A. Ancelin Schützenberger, dans Aïe, mes aïeux, donne de nombreux exemples de répétitions transgénérationnelles, fruits de sa clinique : choix du prénom, accidents « héréditaires » aux mêmes âges, « névrose de classe » qui empêche un enfant de dépasser le niveau d’études de ses parents, « incestes généalogiques » (deux enfants élevés ensemble qui s’épousent, une femme ayant un enfant avec l’ex-compagnon de sa mère, deux sœurs épousant deux frères…) Ces complexités généalogiques provoquent parfois des troubles dans les familles qui en sont issues.
Elle repère également « le vent du boulet », parfois nommé aussi «syndrome du survivant», qui évoque le traumatisme possible de celui qui a réchappé du champ de bataille, ou est né après un frère décédé, etc. et en garde la marque.
La parentification est une inversion des valeurs : les enfants viennent occuper le rôle usuellement attribué aux parents. Par exemple, un enfant aîné doit s’occuper de ses frères et sœurs plus jeunes alors qu’il est lui-même encore un enfant, et ne se mariera pas car il s’occupera de ses parents âgés. Il y a là un déséquilibre relationnel avéré.
« Le syndrome d’anniversaire » pourra aussi éclairer le retour des dates et des chiffres dans les génogrammes observés. On peut citer à ce propos l'exemple souvent repris de Van Gogh, né une année jour pour jour après la mort de son frère, nommé également Vincent : « Comme si, par une opération de calcul, une force inconsciente mettait le corps en demeure de célébrer la commémoration d'un deuil traumatique », commente M. Bydlowski. On pense à Vincent Van Gogh, mais aussi à Honoré de Balzac, né un an jour pour jour après un frère aîné mort à la naissance, qu’il remplace sans pouvoir le remplacer.
« L’inconscient ignore le temps », écrit M. Bydlowski, « en revanche il n’est pas étranger aux cycles » : il n’est pas donc étonnant que des pertes continuent de peser sur des descendants, qu’un « après-coup transgénérationnel » soit à régler, comme un héritage spirituel ou une dette transmise génération après génération. La plupart du temps, la transmission du mandat se fait sans difficulté, mais des traumatismes familiaux anciens non élaborés peuvent peser et inscrire des traces douloureuses dans le psychisme des descendants, qui les ignorent.

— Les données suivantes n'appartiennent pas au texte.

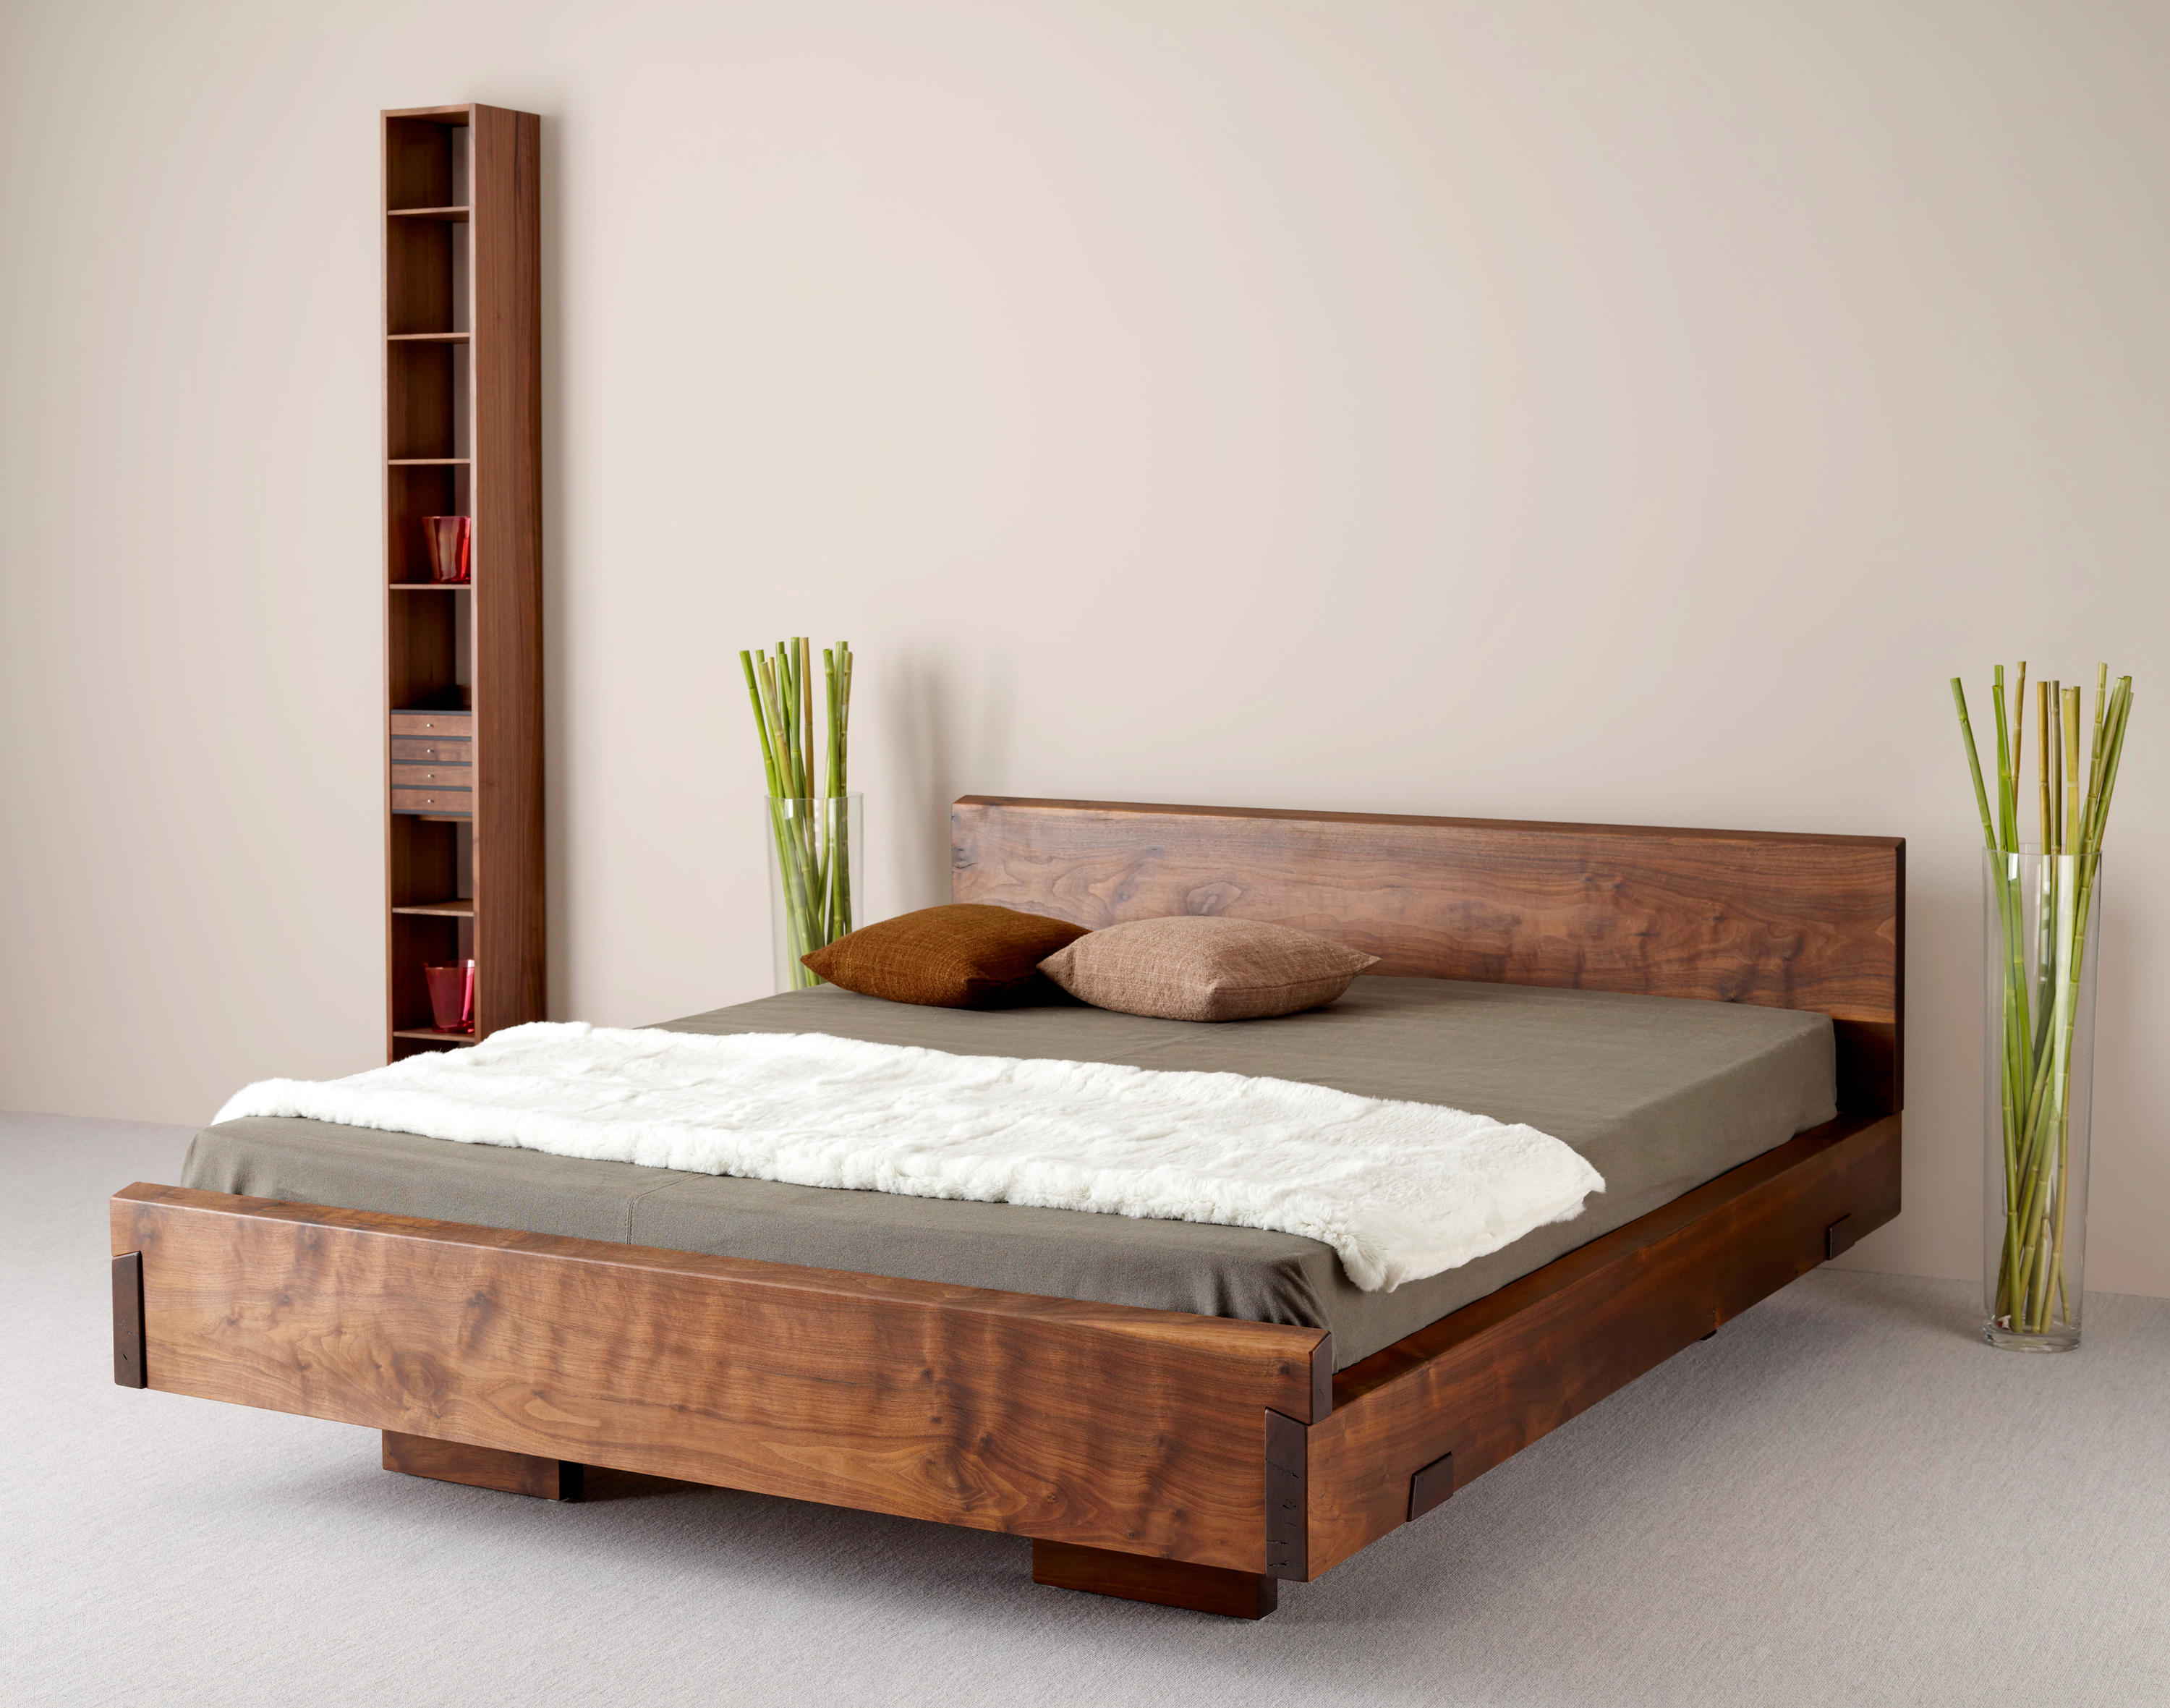 Деревянные кровати своими руками: схемы, чертежи. Как сделать деревянную кровать своими руками

C’est là qu’une rencontre avec une conseillère conjugale et familiale, avant un suivi plus long auprès d’un psychologue, peut être intéressant.
Alice Quantin
Notes :
Ducommun-Nagy C., Ces loyautés qui nous libèrent, Paris, J.C. Lattès, 2006, p.211.
Neuburger R., Ces familles qui ont la tête à l’envers, Paris, Odile Jacob, 2005, p.24.
Neuburger R., Les rituels familiaux, Paris, petite bibliothèque Payot, 2003, p.14.
Ancelin Schützenberger A., Aïe, mes aïeux, Paris, La Méridienne, DDB, 15ème édition, 1993, p.40.
Ibid., p.143.
Dupré La Tour M., « Couple et traumatisme », Dialogue, vol. no 168, no. 2, 2005, p.88.
Joubert C., « Le rôle du transgénérationnel dans le lien de couple », Le Divan familial, vol. 18, no. 1, 2007, p.70.
Bydlowski M., Devenir Mère, Paris, Odile Jacob, 2020, p.27.
Ibid., p.75.
Clavier B., Les fantômes familiaux, Paris, Payot, 2014, p.118.